Announcing our December Book Club Selection: The Barefoot Woman by Scholastique Mukasonga

In telling her mother’s story, Mukasonga returns agency to Stefania and the other women of her village.

The Asymptote Book Club enters its second year with a first African title: Scholastique Mukasonga’s The Barefoot Woman, translated by Jordan Stump and published by Archipelago, is a moving tribute to the author’s mother, one of the victims of the Rwandan Genocide.

After visits to Turkey and Croatia in the previous two months, we again find ourselves confronting “the dark and bloody face of history” through the mirror of prose. Mukasonga’s homage to her mother, though, “radiates . . . with warmth and affection,” in the words of our reviewer. “This slim memoir,” says Alyea Canada, “is a haunted and haunting love letter.”

Head to our online discussion page to add your voice to the discussion on The Barefoot Woman. All the information you need to subscribe for future Book Club selections is available on our Asymptote Book Club site, together with a full overview of our first twelve months.

The Barefoot Woman by Scholastique Mukasonga, translated from the French by Jordan Stump, Archipelago, 2018

Reviewed by Alyea Canada

“You’ll have to cover me, my daughters, that’s your job and no one else’s. No one must see a mother’s corpse otherwise it will follow you, it will chase you . . . it will haunt you until it’s your turn to die, when you too will need someone to cover your body.”

Scholastique Mukasonga’s The Barefoot Woman, translated from the French by Jordan Stump, opens with a dreamy recollection of Stefania, Mukasonga’s mother, delivering this missive to her daughters. Despite taking these instructions quite literally, Mukasonga was unable to cover her mother’s body. In 1994 she lost Stefania and twenty-six other family members when the Tutsis were massacred by the Hutus in Rwanda. However, this isn’t the story of that genocide; this story is gentler. In a series of vignettes, Mukasonga tells the reader about brewing sorghum beer, interpreting omens, and courtship. It becomes a record of the ways Stefania, and the other Tutsi refugees, maintained dignity and survived while living in exile in the Bugesera. At its heart, this slim memoir is a haunted and haunting love letter to Mukasonga’s mother and the “beneficent Mothers, the benevolent Mothers . . . the ones the killers slaughtered as if to wipe out the very sources of life.”

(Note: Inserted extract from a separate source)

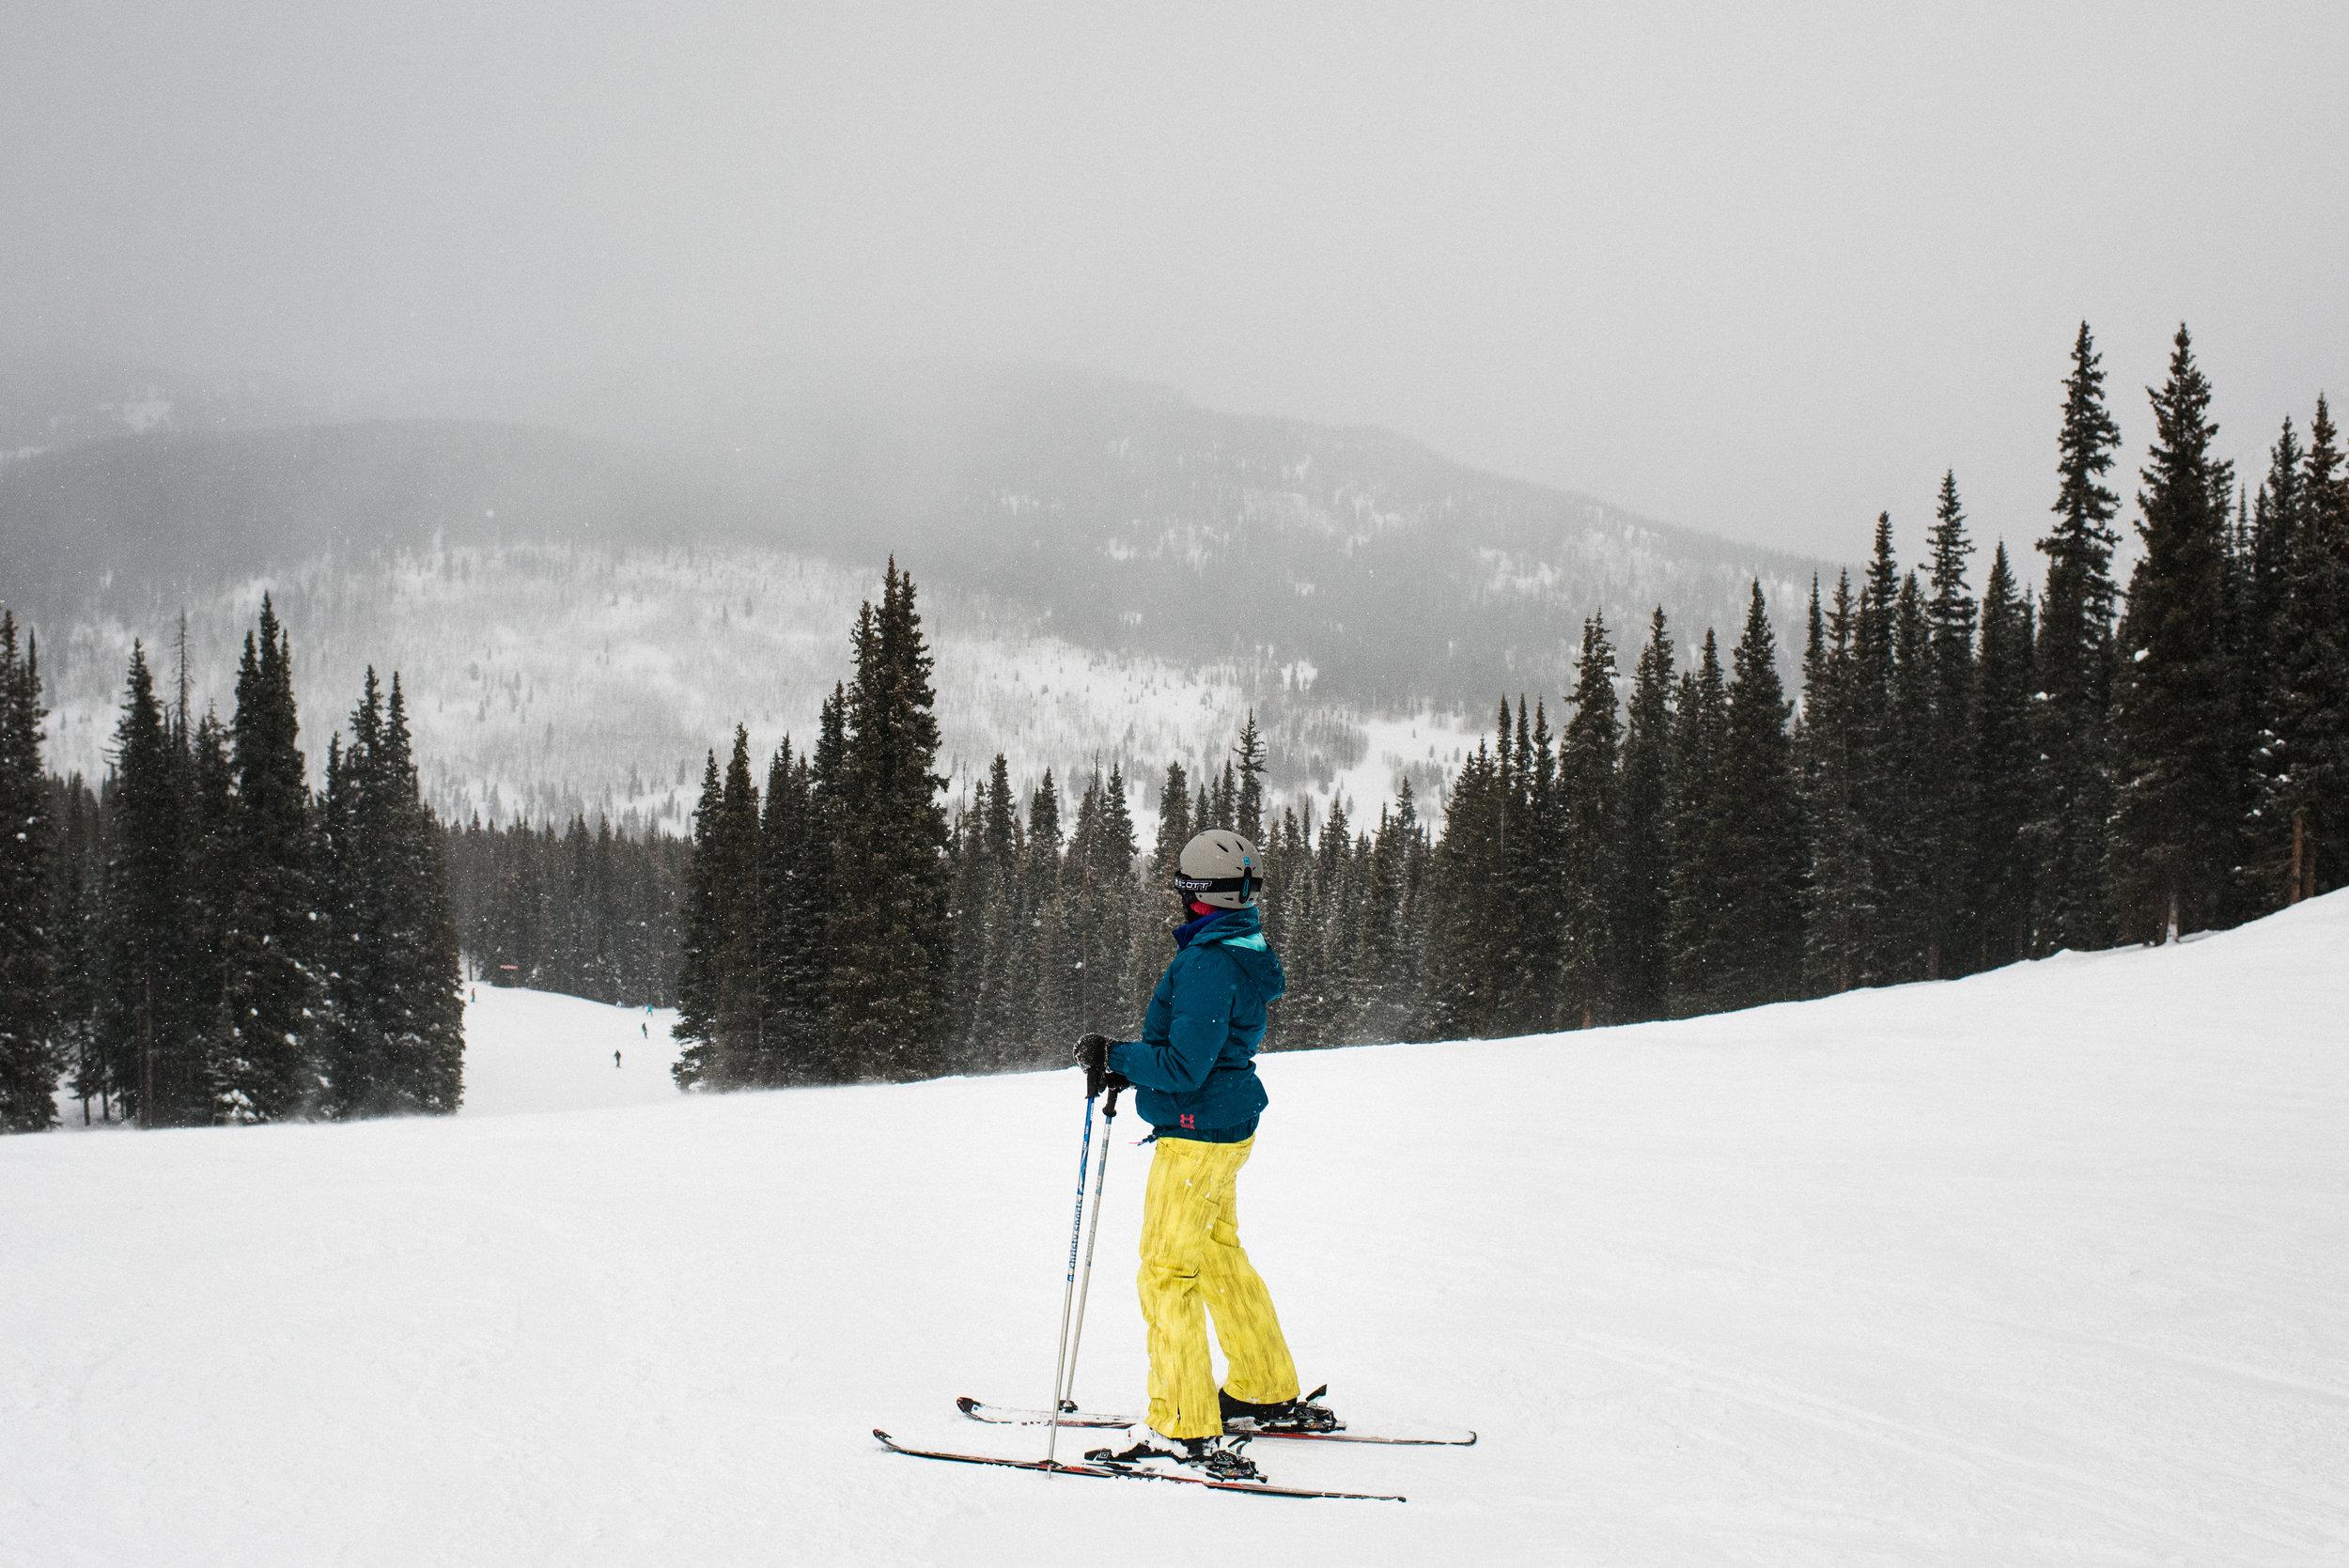 TaraShupe_Outdoor_Photographer_Loweprobags_Colorado_Copper_Mountains_Ski_09.jpg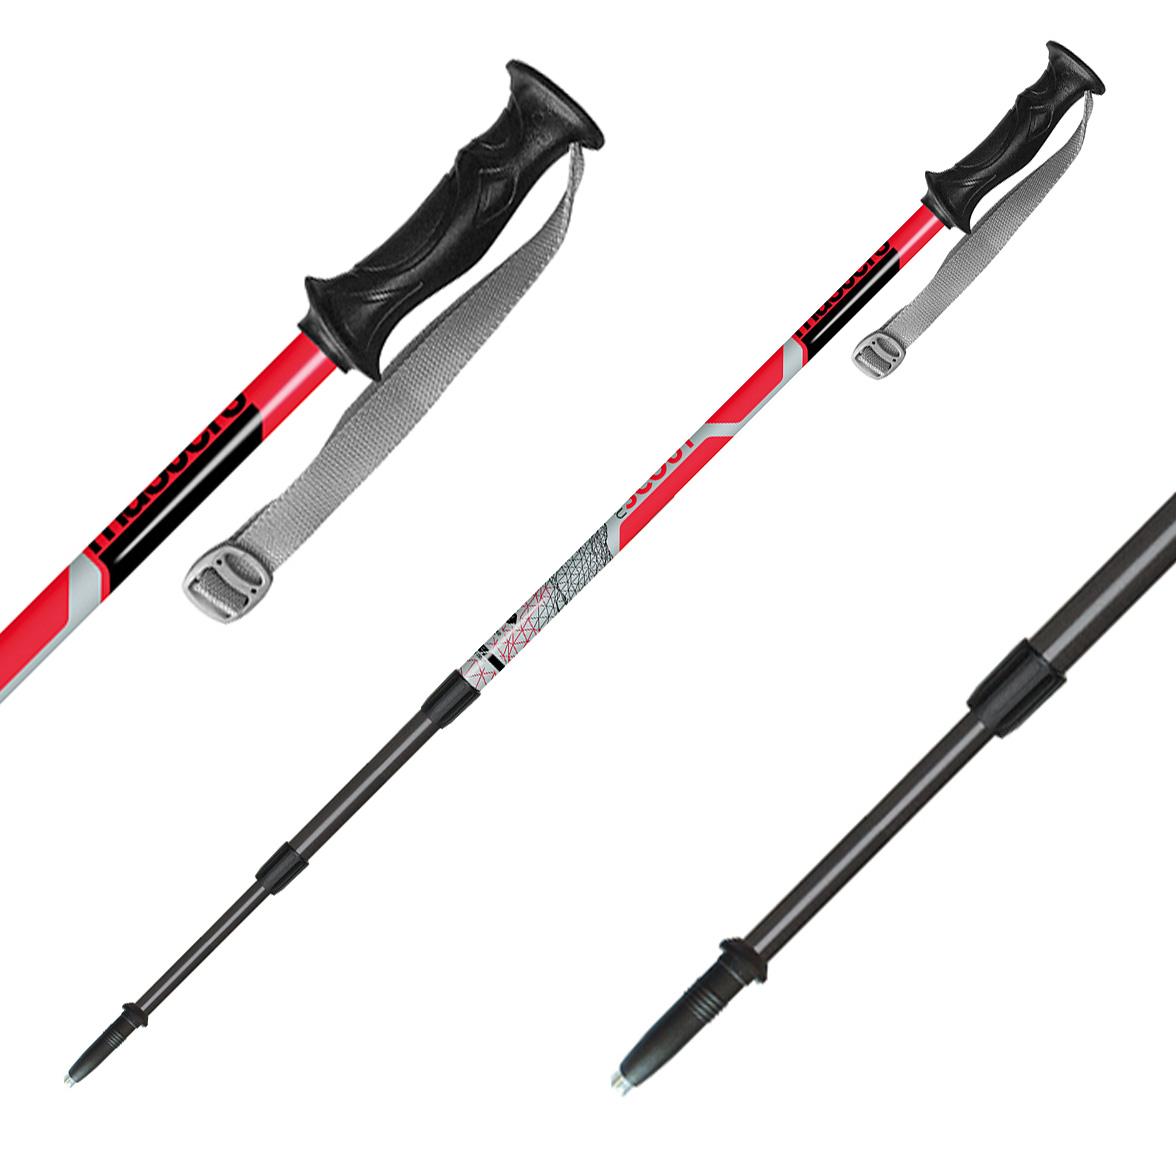 Телескопические палки, SCOUT RED, RECREATIONAL BACKPAKING СЕРИЯ 01S1716, Треккинговые палки - арт. 511140287

In Cockroaches (2016, Archipelago), Mukasonga writes in detail about the violence her family suffered, but in The Barefoot Woman, violence is more a shadow overhanging the events described in its pages. Mukasonga devotes only a few paragraphs to how Belgian colonialism laid the foundation for genocidal hatred before shifting focus to the “tenuous survival” the Tutsis achieved. When the violence does move to the foreground, it is often to mark a shift in lives and traditions. When their home is raided by Hutu soldiers, Stefania begins running escape drills and marking a trail for her children to Burundi. However, more often the violence resides in the language Mukasonga uses. It lingers in the subtle shift of the phrase “in Rwanda” from a location to a memory of a place lost to the Tutsi refugees.

The book is peppered with words in Kinyarwanda, sometimes directly translated and sometimes defined through context, creating a tension deftly rendered by Stump. When discussing her mother building an inzu, Mukasonga refuses to name it in French because the words are too “contemptuous” to describe the straw-woven house central to her memories. These italicized words become a reminder that Mukasonga is not writing in her native language but in a colonial one. Her mother cannot understand the words used to “weave a shroud for [her] missing body.”

Despite the fate met by the women in the book, The Barefoot Woman doesn’t feel heavy. Some parts are quite funny, such as the lengths taken to find one girl a husband. But it is the final chapter, “Women’s affairs,” that radiates with a warmth and affection that is different from the rest of the book. In this chapter you feel the strength and courage of Stefania and the other mothers, but you also feel Mukasonga’s grief and the breadth of what was lost in 1994. In telling her mother’s story, Mukasonga returns agency to Stefania and the other women of her village. They become more than their deaths. Their bodies are covered.

Alyea Canada is an Assistant Editor at Asymptote. She currently works as a freelance editor and lives in Brooklyn, New York.